The new region of the heliosphere - the bubble of charged particles from the sun that envelops the solar system - is being referred to as a magnetic "highway" where lower-energy particles from inside the solar system can pass out and higher-energy particles from interstellar space can stream in. Before reaching this region, the Voyager 1 and Voyager 2 observed that charged particles bounced in all directions, as if trapped inside the heliosphere.

"Although Voyager 1 still is inside the sun's environment, we now can taste what it's like on the outside because the particles are zipping in and out on this magnetic highway," said Edward Stone, a Voyager project scientist based at the California Institute of Technology. "We believe this is the last leg of our journey to interstellar space. Our best guess is it's likely just a few months to a couple years away. The new region isn't what we expected, but we've come to expect the unexpected from Voyager."

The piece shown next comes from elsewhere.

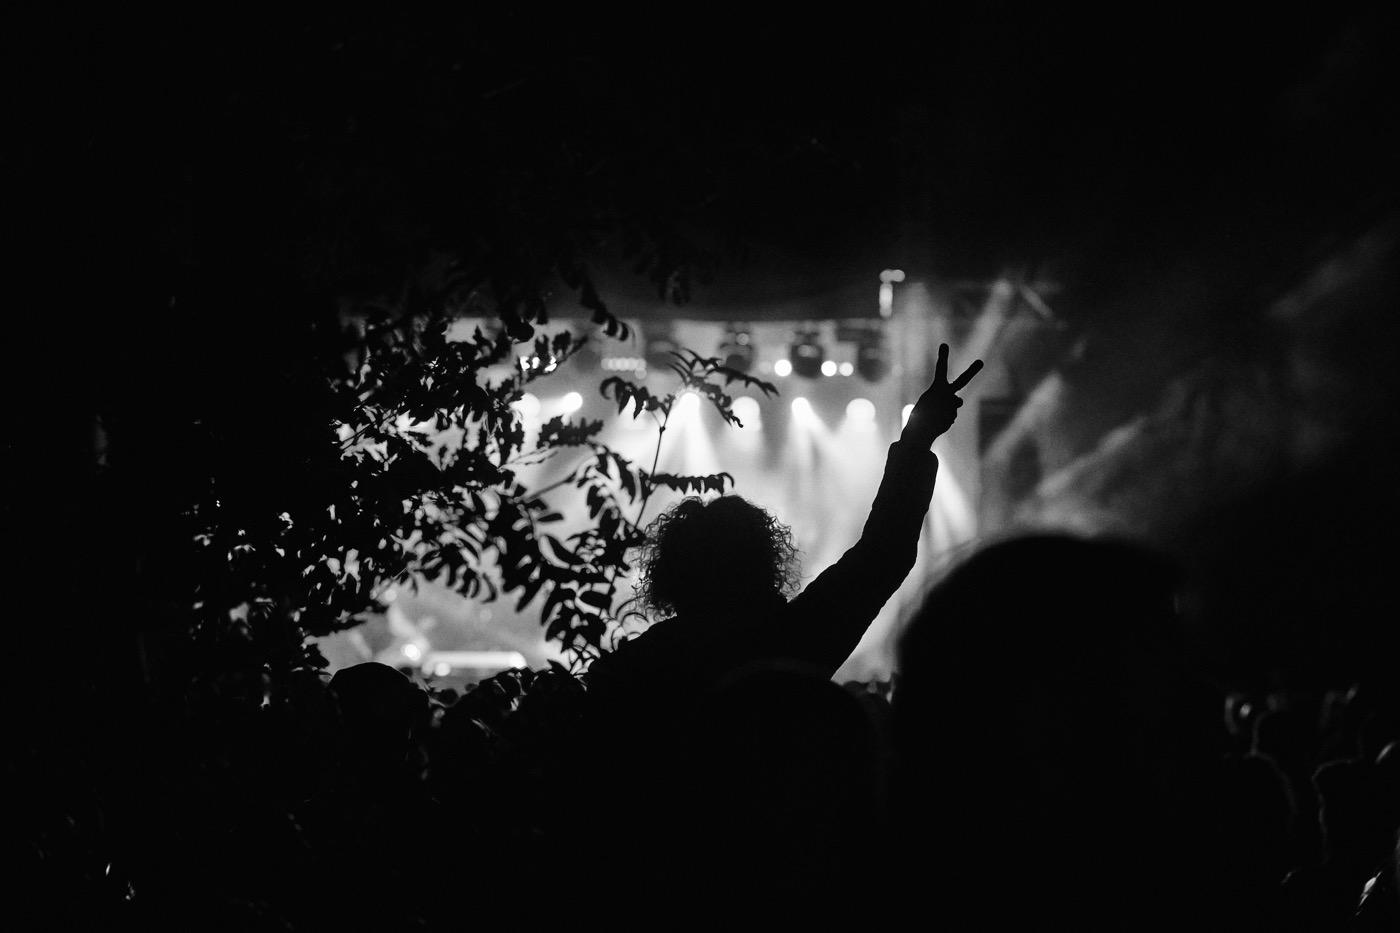 koncert na wichrowym wzgórzu

The Voyager team believes Voyager 1 is still inside the heliosphere because the direction of the magnetic fields surrounding it has not changed. The direction of magnetic field lines is expected to change as the probe enters interstellar space.

Excitement at the Voyager probes' approach of deep space has been increasing since 2004, when Voyager 1 crossed the termination shock into the heliosheath, the outermost layer of the heliosphere.

The probe crossed into the new, unexpected magnetic highway back in July of this year. At the time, researchers thought Voyager may have been approaching interstellar space, but the region ebbed and flowed toward the probe several times. Since August 25, the region has been stable.

"If we were judging by the charged particle data alone, I would have thought we were outside the heliosphere," said Stamatios Krimigis, principal investigator of Voyager's low-energy charged particle instrument and a researcher at the Johns Hopkins Applied Physics Laboratory. "But we need to look at what all the instruments are telling us and only time will tell whether our interpretations about this frontier are correct."

Voyager 1 and 2 were launched 16 days apart in 1977. The probes are the longest-serving NASA spacecrafts and Voyager 1 is the most distant human-made object from Earth. Voyager 1 is 122 Astronomical Units (11 billion miles) from the sun, and Voyager 2 is 100 Astronomical Units (9 billion miles) from the sun. Researchers do not believe Voyager 2 has yet reached the newly discovered magnetic highway.

"We are in a magnetic region unlike any we've been in before - about 10 times more intense than before the termination shock - but the magnetic field data show no indication we're in interstellar space," said Leonard Burlaga, a Voyager magnetometer team member based at NASA's Goddard Space Flight Center. "The magnetic field data turned out to be the key to pinpointing when we crossed the termination shock. And we expect these data will tell us when we first reach interstellar space."